To find the difference of the polynomials 4m, 5, 6m, 7, and 2n, we first need to clearly define what it means to find the difference of polynomials. In algebra, the difference of two polynomials is obtained by subtracting them. However, in this case, we want to find the combined difference of multiple terms.

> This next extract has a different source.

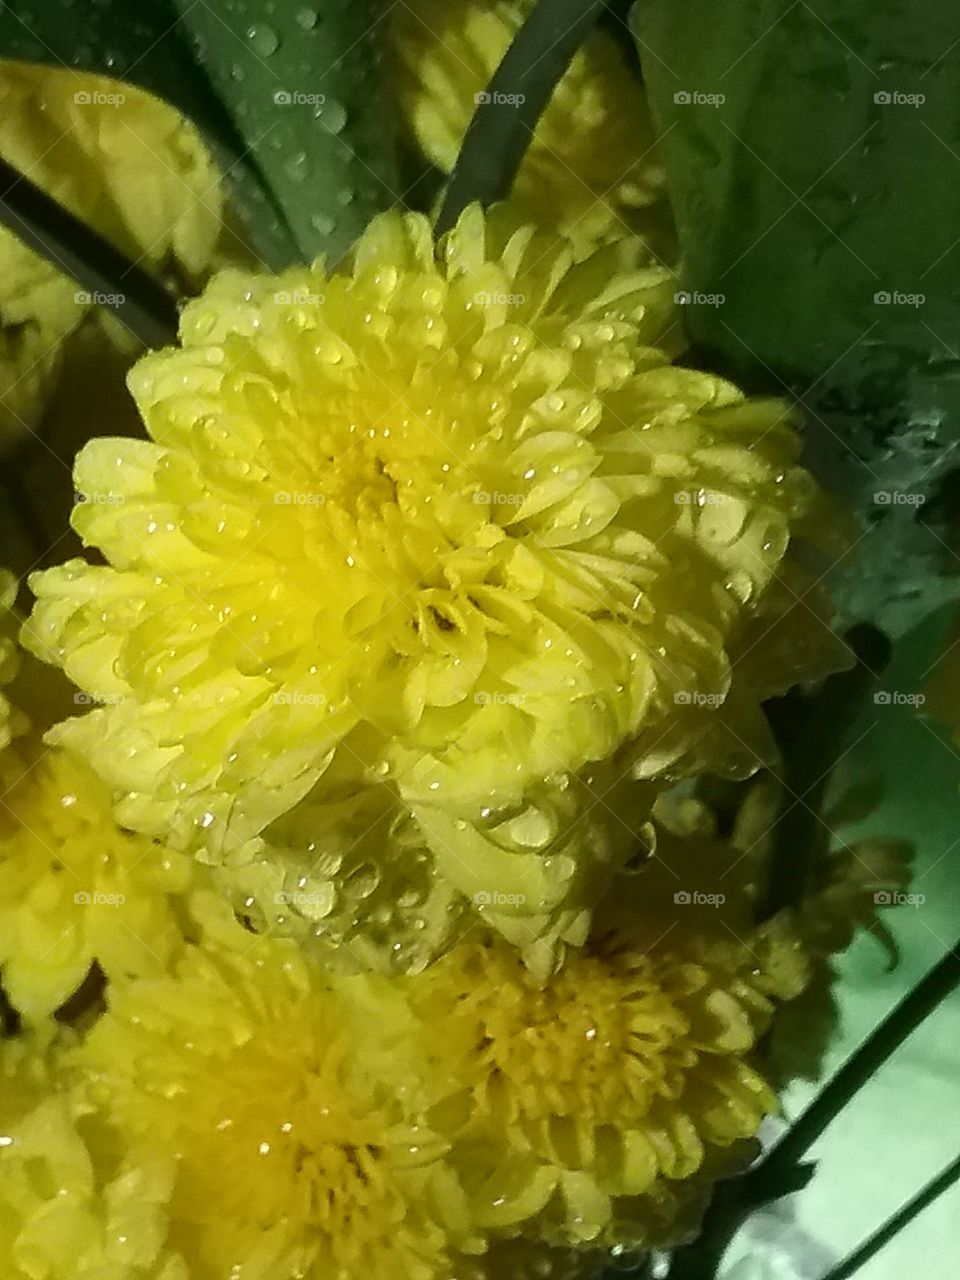 Happy fresh Afarican Marigold flower for you.

Let’s break down the polynomials we have:
- 4m
- 5
- 6m
- 7
- 2n
To find the overall difference, we would typically want to group like terms together. This involves rewriting the expression to show how we’re combining these terms. Here, we separate the terms with ‘m’, constant terms, and the ‘n’ term:
- Like terms in variable m: 4m and 6m
- Constant terms: 5 and 7
- Term with variable n: 2n
A step-by-step approach to find the difference of the given expression could be:
- Group the like terms for each variable:
- Combine the ‘m’ terms:
- 4m – 6m = -2m
- Combine the constant terms:
- 5 – 7 = -2
- Include the term with ‘n’:
- -2n (remains unchanged)
Putting all this together, the final expression for the difference of the polynomials 4m, 5, 6m, 7, and 2n is:
Final result:
-2m – 2 + 2n
This simplified form gives you the overall difference while maintaining clarity and grouping like terms accurately. Thus, we’ve effectively calculated the difference while adhering to algebraic principles.